A. The circumstances of the case
The facts of the case, as submitted by the applicant, may be summarised as follows.
The applicant ’ s situation
On 7 December 2008 the applicant arrived in Finland with a tourist visa issued for a period of 30 days, without having lodged a prior application for a residence permit at a Finnish Representation. Since then she has been living with her daughter. Her daughter moved to Finland in 1988 and she is a Finnish citizen.
In November 2006 the applicant suffered a stroke. Her right side was paralysed and she needs help with daily activities like washing, dressing, using the toilet and eating. She is confined to a wheelchair which she is not able to move herself. Her ability to speak is impaired and only her daughter understands her. She is also suffering from medium to severe depression. The applicant is totally dependant on her daughter ’ s help, physically and mentally.
This daughter living in Finland is her closest relative. The applicant ’ s husband died in 2007 and her other daughter went missing in 2003 and is probably dead. The applicant had raised her granddaughter from the age of 3 or 4 when the child ’ s mother went missing. This granddaughter, who was born in 1986 and with whom and with whose family the applicant lived near Vyborg, is not able or willing to take care of the applicant due to her own difficult circumstances. The applicant did not receive proper care in Russia . When her daughter brought her to Finland she was undernourished and had a malignant tumour on her skin. Furthermore, the applicant used to live in a flat situated on the fourth floor of a house which had no lift.

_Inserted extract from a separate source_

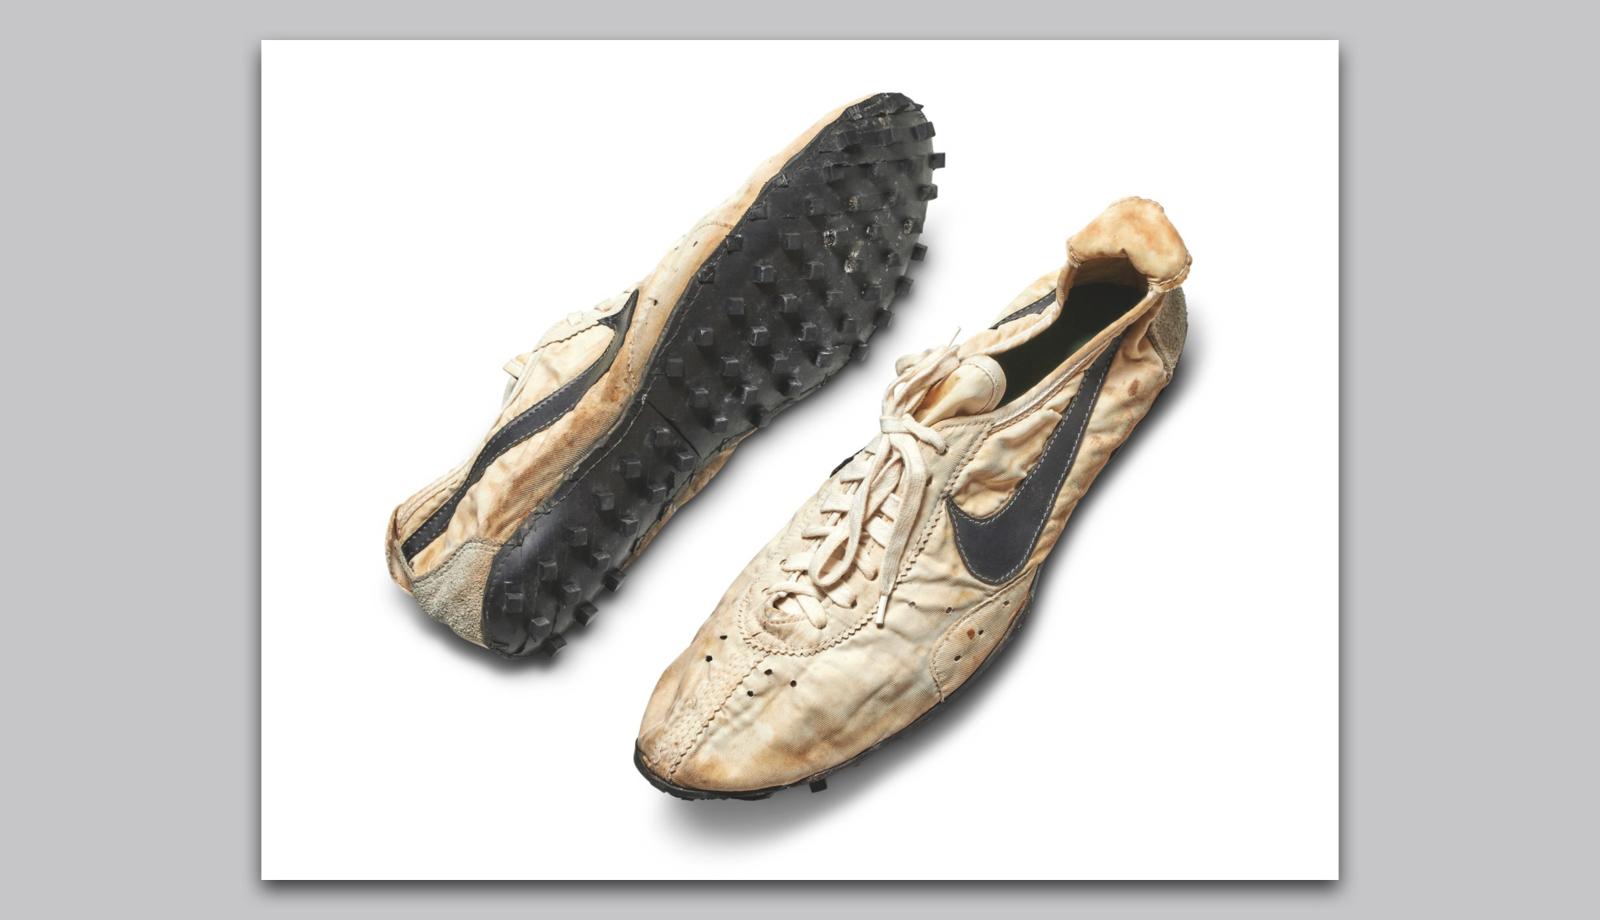 190724_Designkritik_ReneSpitz_WDR3-Resonanzen_Sneaker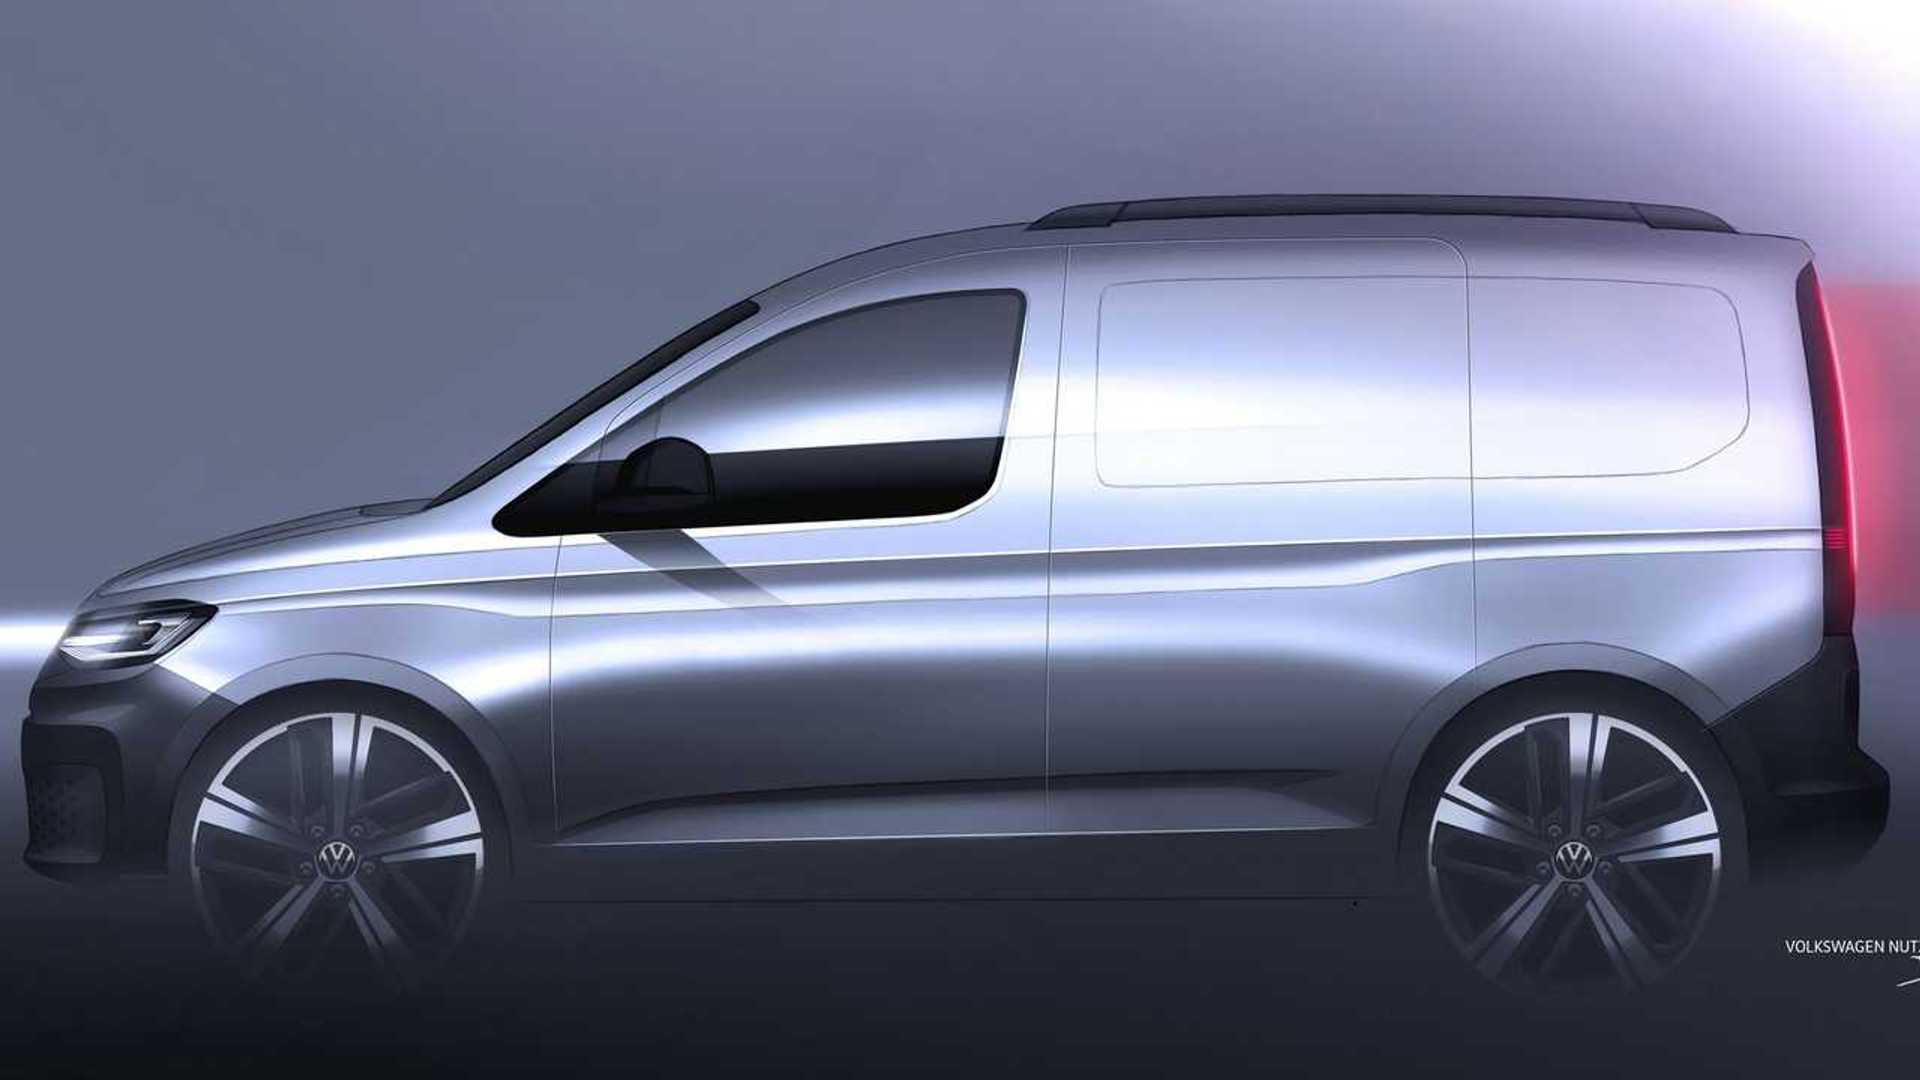 2020 Volkswagen Caddy Teaser Shows Off Stylish Little Van

The flat has now been sold and the applicant no longer has anywhere to live in Russia .
The proceedings
On 17 December 2008 the applicant applied for a residence permit on the basis of family ties to her daughter.
On 31 July 2009 the Finnish Immigration Service ( Maahanmuuttovirasto , Migrationsverket ) refused the applicant a residence permit and ordered her removal to Russia .
The applicant appealed to the Helsinki Administrative Court ( hallinto-oikeus , förvaltningsdomstolen ), presenting new medical evidence about her state of health.
On 8 April 2010 the Helsinki Administrative Court quashed the Immigration Service ’ s decision and referred the case back to it for a re-examination as new evidence had been presented in the matter on which it could not take a stand as a first instance.
On 29 April 2010 the Immigration Service again refused the applicant a residence permit and ordered her removal to Russia . It found that, according to the domestic law, the applicant was not entitled to a residence permit on the basis of family ties as she was not a family member (a spouse or a minor child) of a person living in Finland . Other relatives than family members were issued a residence permit only in exceptional circumstances, mainly if the purpose was to continue close family life in Finland or if the relative was completely dependent on a Finnish citizen living in Finland. The applicant and her daughter had not had any family life since 1988 when the daughter had moved to Finland . A residence permit could not be granted on the basis of health reasons either. It did not appear that the applicant could not receive proper medical treatment or care in Russia . The applicant ’ s age, her state of health and the fact that her relatives lived in Finland were not sufficient reasons to issue her a residence permit.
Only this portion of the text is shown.